■ TASK REQUIREMENTS:
I'd like the listing below copied exactly, with the images left out.

■ DATA BLOCK:

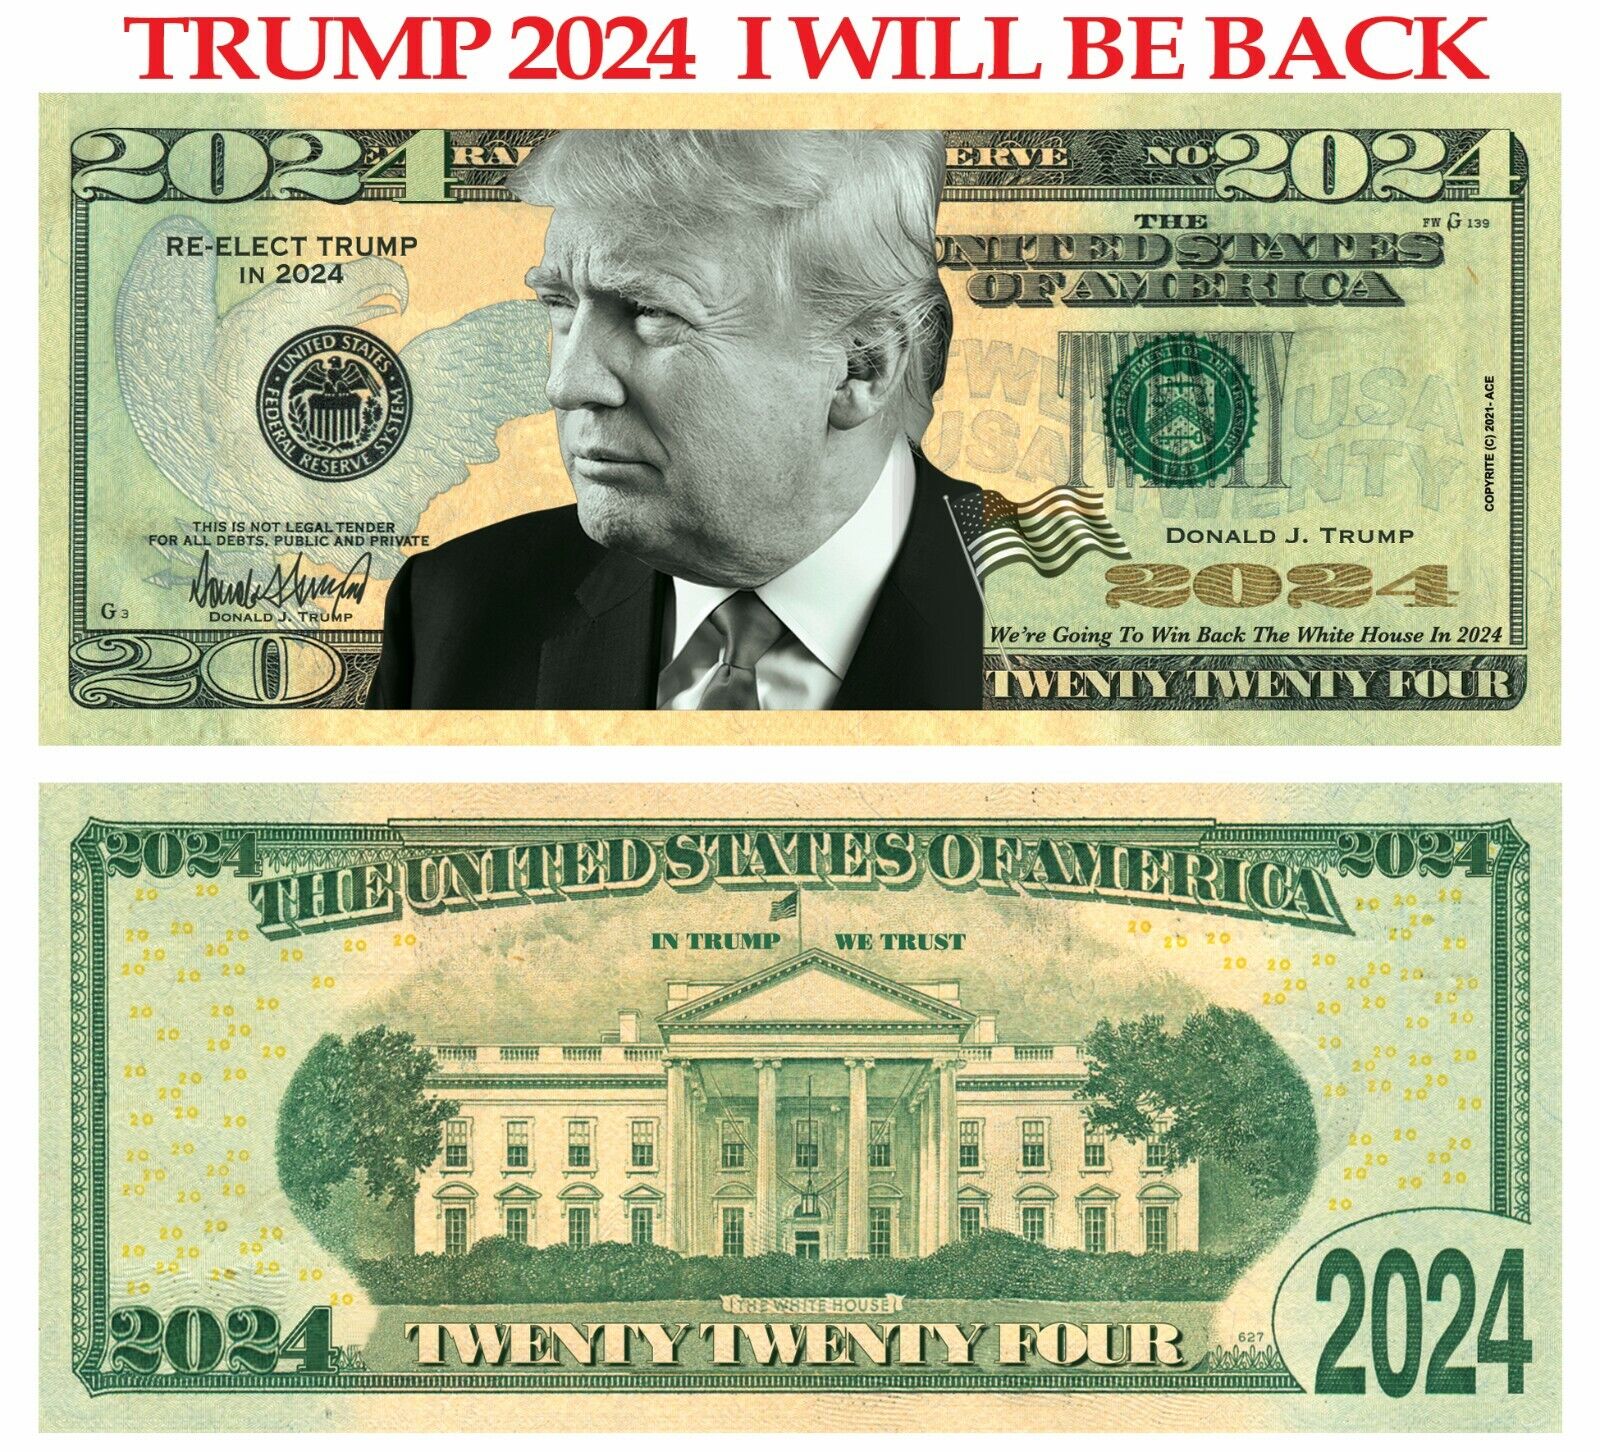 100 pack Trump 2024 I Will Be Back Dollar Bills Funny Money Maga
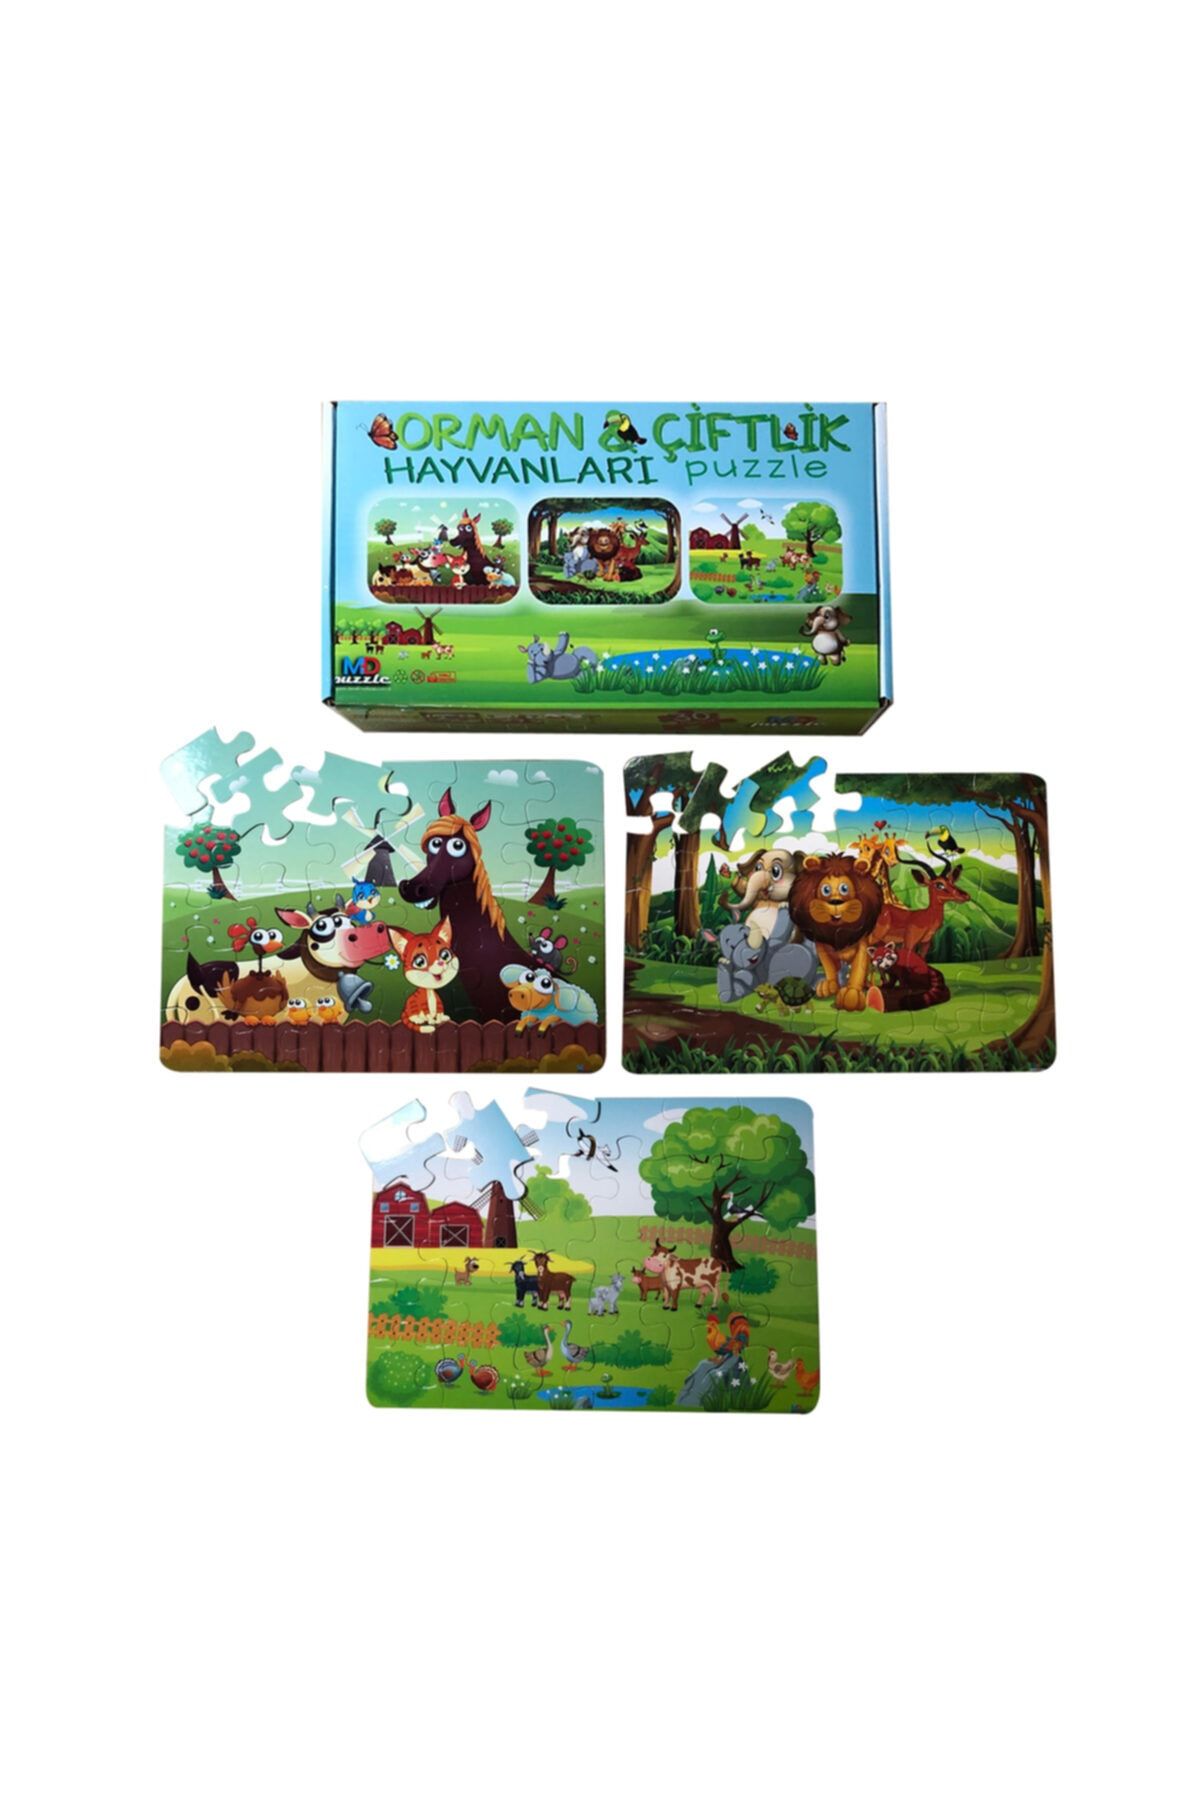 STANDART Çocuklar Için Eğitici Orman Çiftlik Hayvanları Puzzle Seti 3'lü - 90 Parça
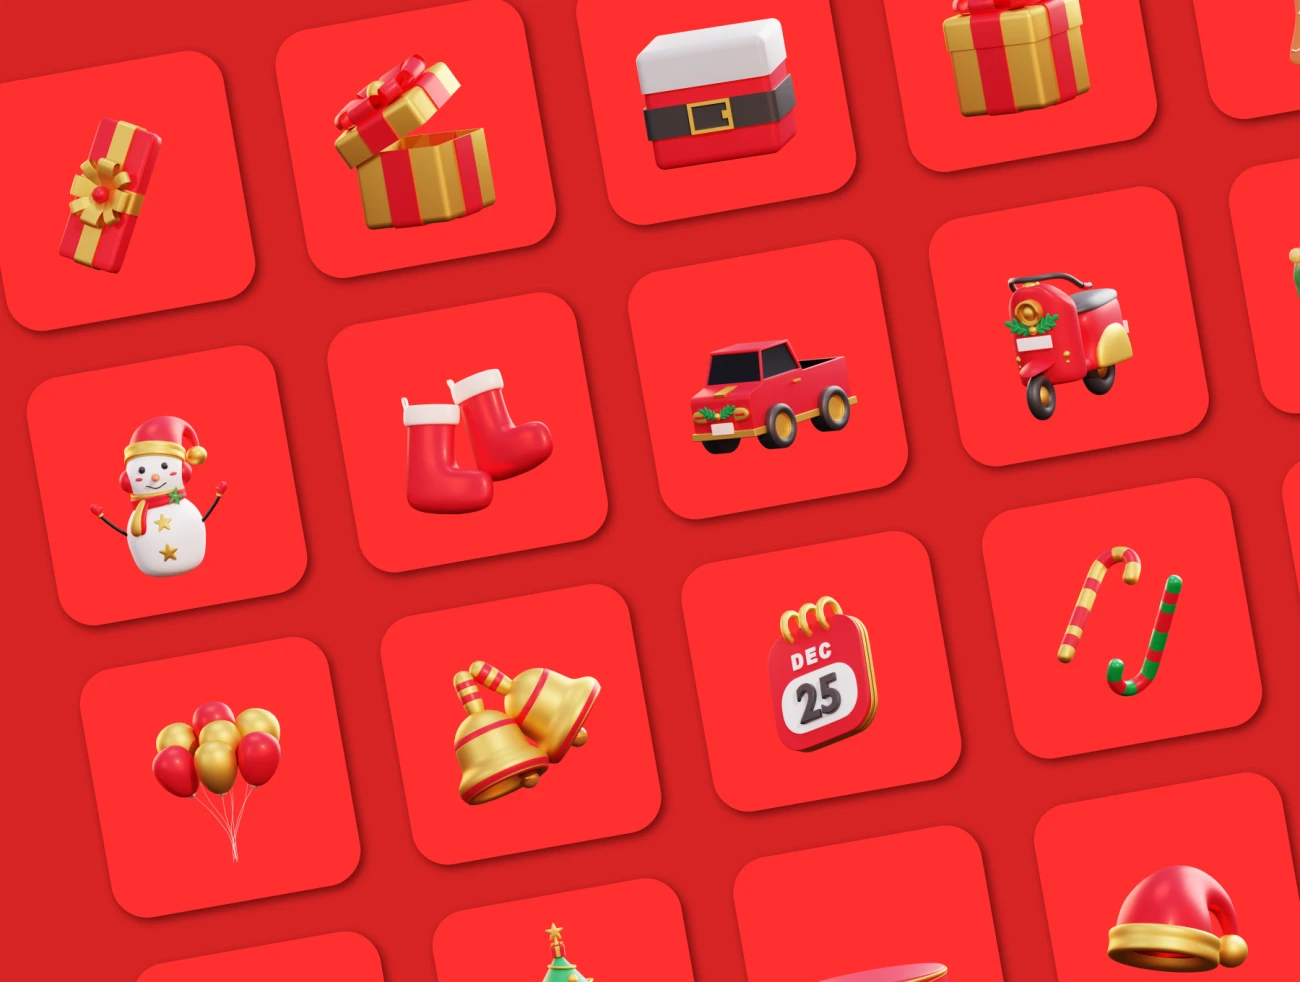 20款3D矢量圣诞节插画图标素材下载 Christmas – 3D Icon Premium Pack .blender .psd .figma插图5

■ EXERCISE RESULT:
 100 pack Trump 2024 I Will Be Back Dollar Bills Funny Money Maga
 STANDART Çocuklar Için Eğitici Orman Çiftlik Hayvanları Puzzle Seti 3'lü - 90 Parça
 20款3D矢量圣诞节插画图标素材下载 Christmas – 3D Icon Premium Pack .blender .psd .figma插图5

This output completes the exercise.